TABLE 3 ______________________________________ Time for Dissolution and 6 Hours 24 Hours Solvents Properties of Solution After After ______________________________________ Distilled The composition was 99 99 water dissolved within a minute; no precipitate was observed Isotonic The composition was 98 101 sodium dissolved within a chloride minute; no precipitate solution was observed Phosphate The composition was 100 101 buffer dissolved within a solution minute; no precipitate was observed Milk The composition was 103 102 dissolved within a minute; no precipitate was observed ______________________________________

The numerical values show the thrombin activity after being allowed to stand, when the thrombin activity before being allowed to stand is 100.

As is clear from Table 3, the solubility of the composition of the present invention is extremely high and no insoluble precipitates are noted. The composition of the present invention is excellent for oral administration. In addition, the thrombin activity in the solutions in which the composition is dissolved is stable over long periods of time and the composition is useful.

EXAMPLES

Next, the present invention is described with reference to the examples and reference example but is not deemed to be limited to these examples.

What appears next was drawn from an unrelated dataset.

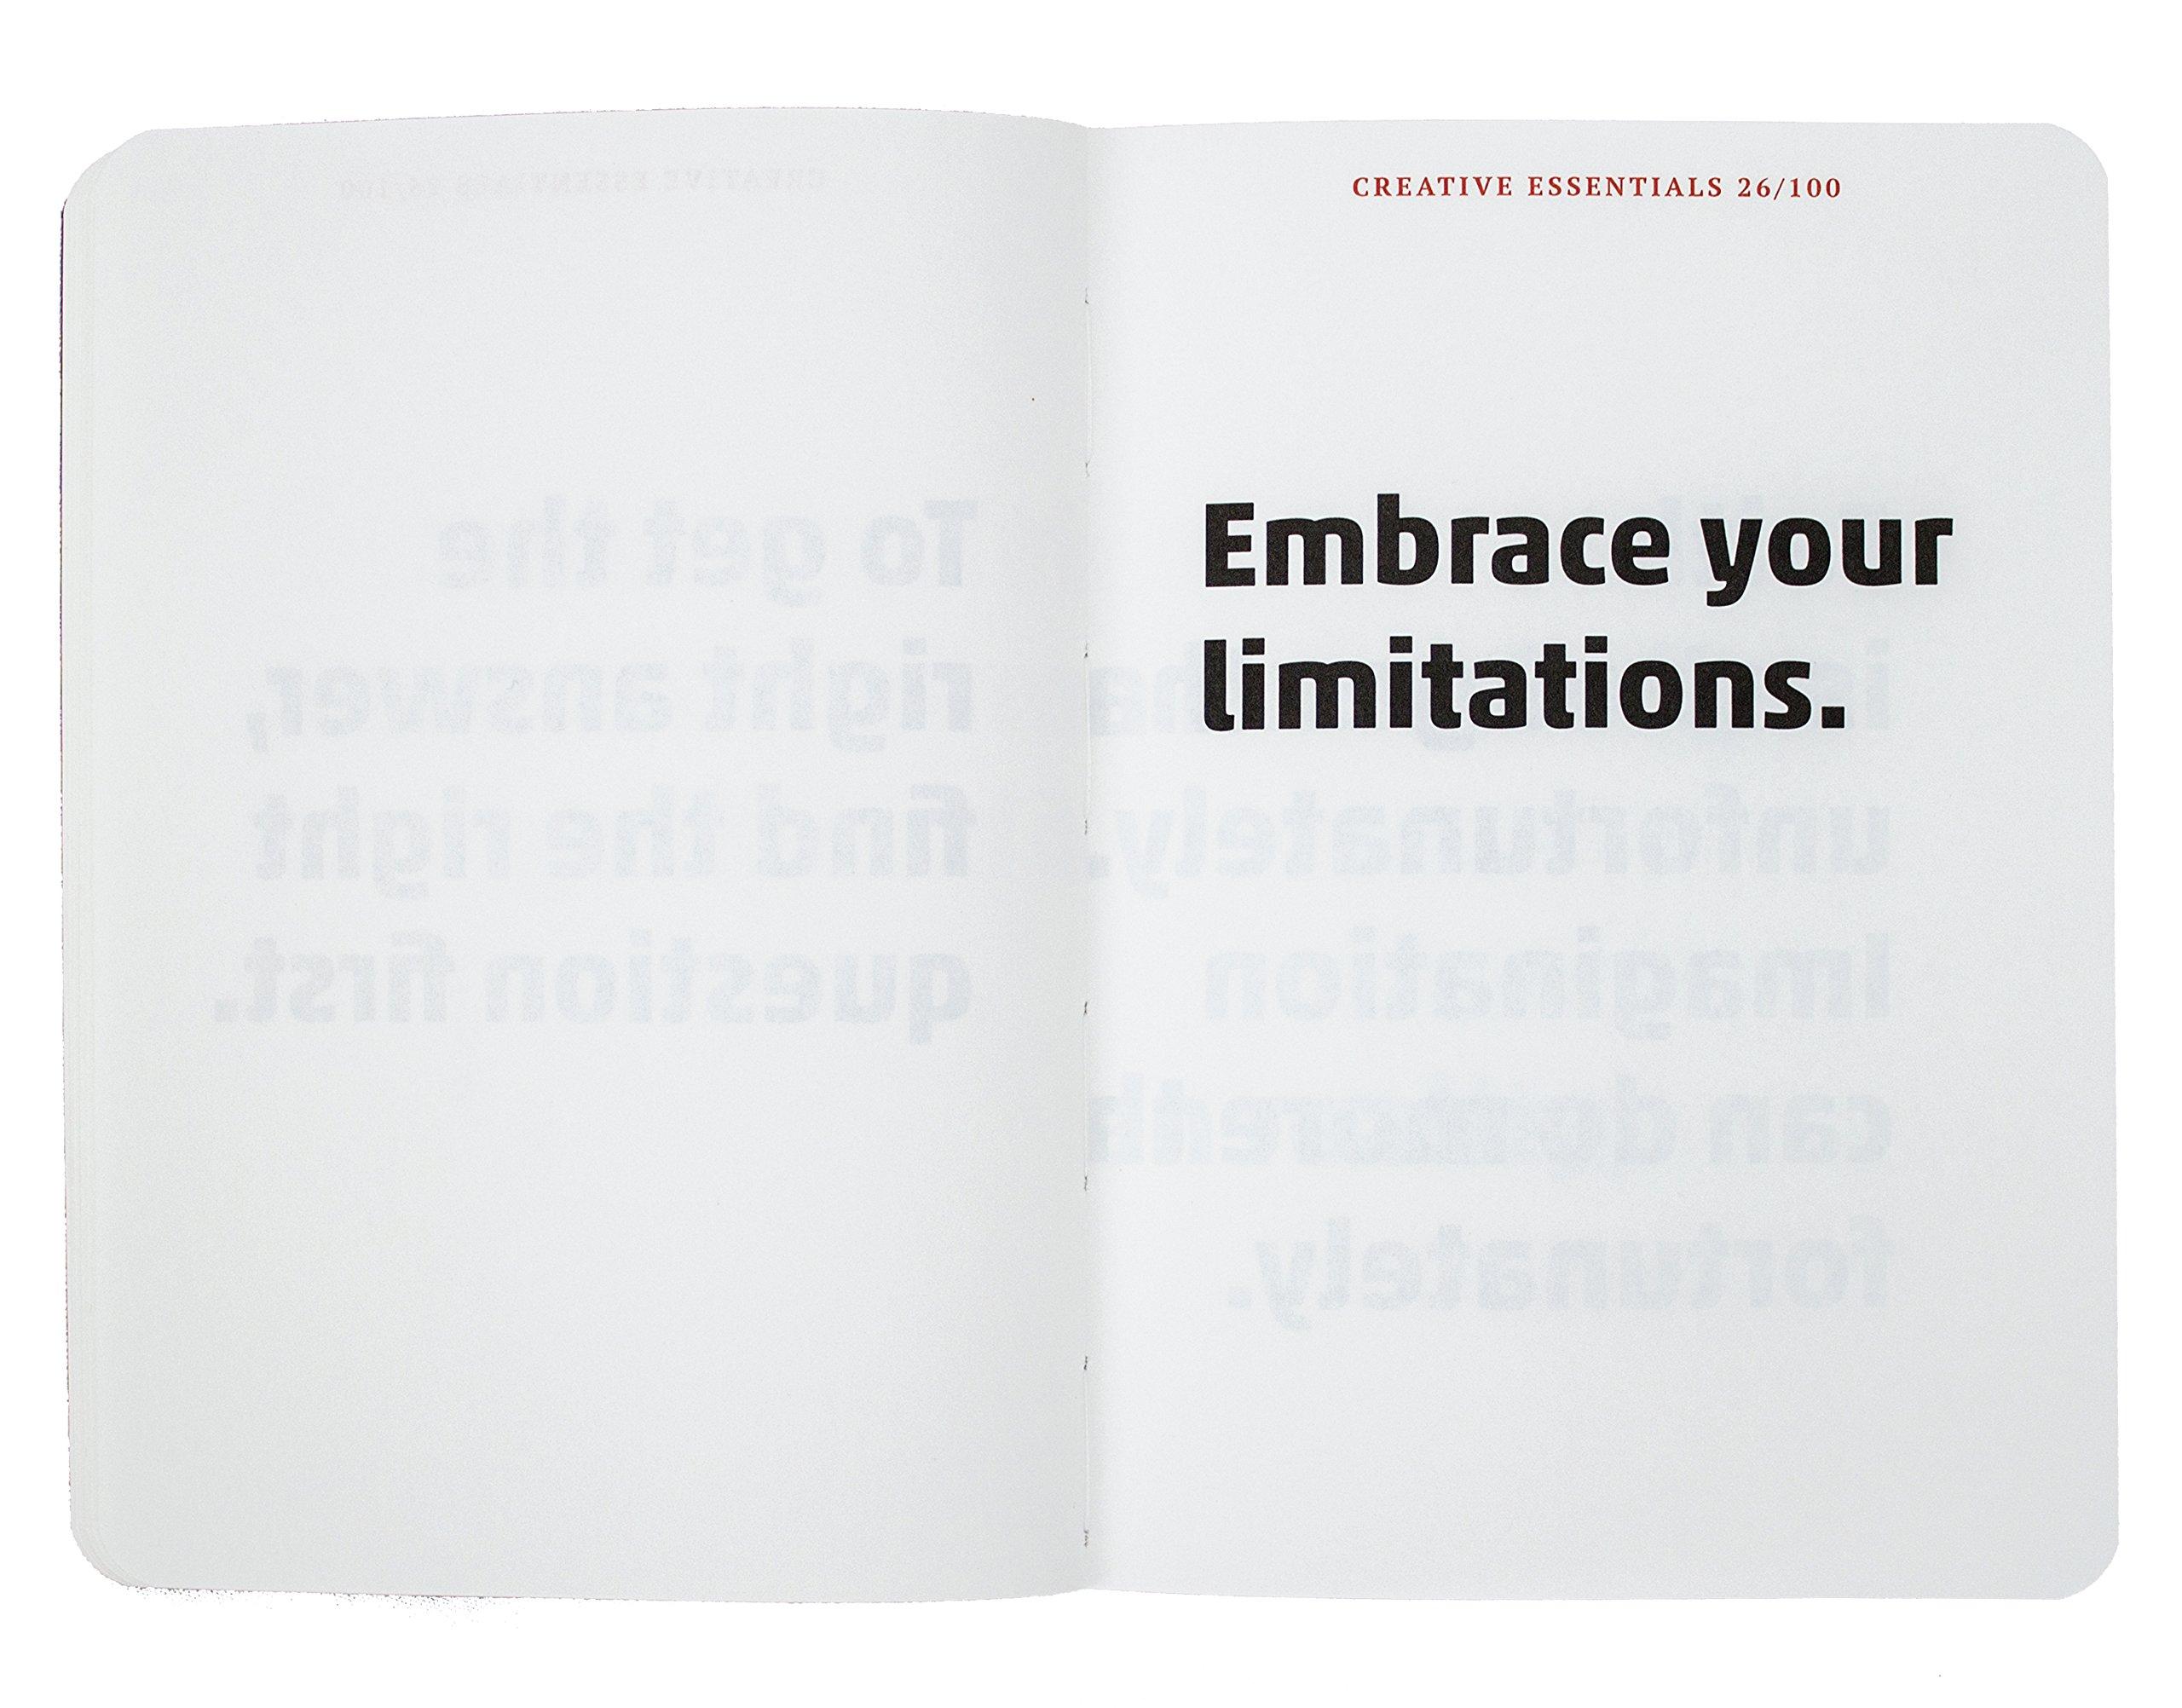 do-it-with-love-creative-quotes-book-moleskine-copywriter-3

In the examples, a solution of thrombin prepared by combining calcium salt and thromboplastin with prothrombin extracted and purified from bovine serum is prepared with a specific activity of 1000 units/mg protein in a concentration of 10,000 units/ml and is used.

EXAMPLE 1

______________________________________ Thrombin 20,000,000 units Glycine 30 g Gelatin 20 g Sucrose appropriate amount Total 1,000 g ______________________________________

Glycine is added to a thrombin solution and dissolved. By freeze drying, a powder is obtained. Sucrose is added to the resulting powder. The mixture is mixed and stirred. With mixing and stirring, a solution of gelatin in distilled water is sprayed onto the mixture to give granules. After drying with a drier under heating, the granules are sieved to give fine granules.

EXAMPLE 2

______________________________________ Thrombin 20,000,000 units D-Mannitol 30 g Gelatin 20 g Sucrose appropriate amount Total 1,000 g ______________________________________

D-Mannitol is added to a thrombin solution and dissolved. By freeze drying, a powder is obtained. Sucrose is added to the resulting powder. The mixture is mixed and stirred. With mixing and stirring, a solution of gelatin in distilled water is sprayed onto the mixture to give granules. After drying with a drier under heating, the granules are sieved to give fine granules.

REFERENCE EXAMPLE 1

______________________________________ Thrombin 20,000,000 units Sucrose appropriate amount Total 1,000 g ______________________________________

A thrombin solution is freeze dried to give a powder. Sucrose is added to the resulting powder. The mixture is mixed and stirred. With mixing and stirring, distilled water is sprayed onto the mixture to give granules. After drying with a drier under heating, the granules are sieved to give fine granules.

While the invention has been described in detail and with reference to specific embodiments thereof, it is apparent to one skilled in the art that various changes and modifications can be made therein without departing from the spirit and the scope of the present invention.